# Amphora Bulk Upload

This Notebook uploads files in a directory to Amphora through the API.

### Requirements

- `requests`



### Dataset

Specify dataset directory and extensions of files you want to upload to Amphora.

**Note**: File extensions must be a list/tuple.

In [None]:
DATASET_DIR = '/foo/bar'
UPLOAD_FILE_EXTENSIONS = ['.pdf', ]    # Must be a list/tuple.

### Amphora

Specify Amphora specific properties. 
Reach out to Amphora admins for access token.

In [None]:
AMPHORA_ACCESS_TOKEN = ''
AMPHORA_COLLECTION = ''
AMPHORA_RESOURCE_TYPE = 'Biblio: article'
AMPHORA_RESOURCE_PUBLIC = False

#### Internal Amphora Constants

You wouldn't need to modify these.

In [None]:
AMPHORA_SERVER = 'https://amphora.asu.edu'
AMPHORA_APP_PATH = 'amphora'                 # Abs URL on Amphora server

import posixpath
from urlparse import urljoin
UPLOAD_API_PATH = urljoin(AMPHORA_SERVER, posixpath.join(AMPHORA_APP_PATH, 'rest/resource/'))

### Logging

Configure logging.

In [None]:
# Logging
import logging
logging.basicConfig()
logging.getLogger().setLevel(logging.CRITICAL)
logger = logging.getLogger('amphora_upload')
logger.setLevel(logging.DEBUG)

### Upload Dataset Files

Set a few common things before starting upload.

In [None]:
import os
import requests
import mimetypes
import re

filetype = re.compile('|'.join((re.escape(t)+'$' for t in UPLOAD_FILE_EXTENSIONS)))
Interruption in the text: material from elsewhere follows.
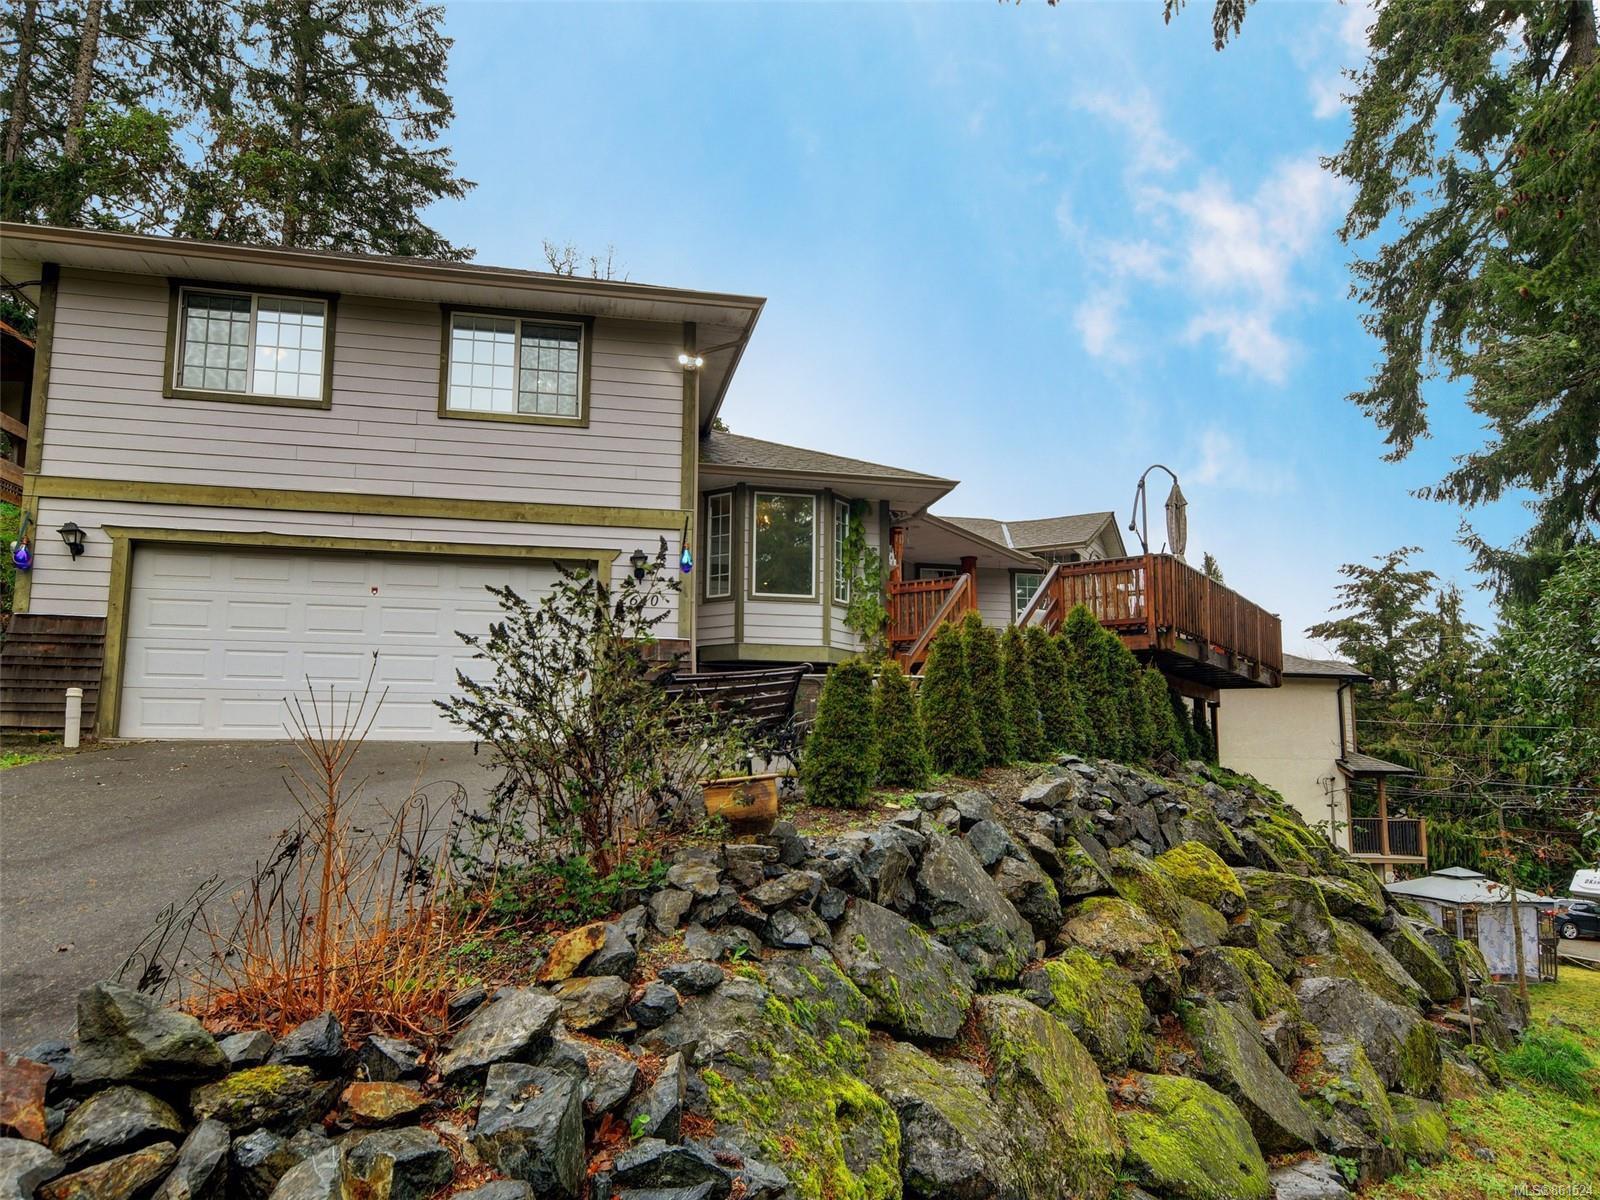 Main Photo: 2610 Selwyn Rd in : La Mill Hill House for sale (Langford)  : MLS®# 861524

session = requests.Session()
session.headers = {
    'Authorization': 'Token %s' % (AMPHORA_ACCESS_TOKEN),
}

#### Begin Upload!

Based on logging configuration, you should see upload progress real-time.

In [None]:
for (dpath, dnames, fnames) in os.walk(os.path.abspath(os.path.expanduser(DATASET_DIR))):
    if dnames:
        dnames.sort()

    if not fnames:
        continue

    for fname in fnames:
        fpath = os.path.join(dpath, fname)
        if not filetype.search(fpath):
            continue

        files = {
            'upload_file': (fpath, open(fpath, 'rb'), mimetypes.guess_type(fpath)[0]),
        }

        data = {
            'name': os.path.basename(fpath),
            'collection': AMPHORA_COLLECTION,
            'resource_type': AMPHORA_RESOURCE_TYPE,
            'public': AMPHORA_RESOURCE_PUBLIC,
        }

        try:
            response = session.post(UPLOAD_API_PATH, data=data, files=files)
            if response.status_code != 200:
                raise Exception(response.text)
        except Exception as e:
            logger.error('{}: {}'.format(fpath, e))
            continue
        else:
            upload_id = response.json()['id']
            logger.debug('{}: Uploaded (ID {})'.format(fpath, upload_id))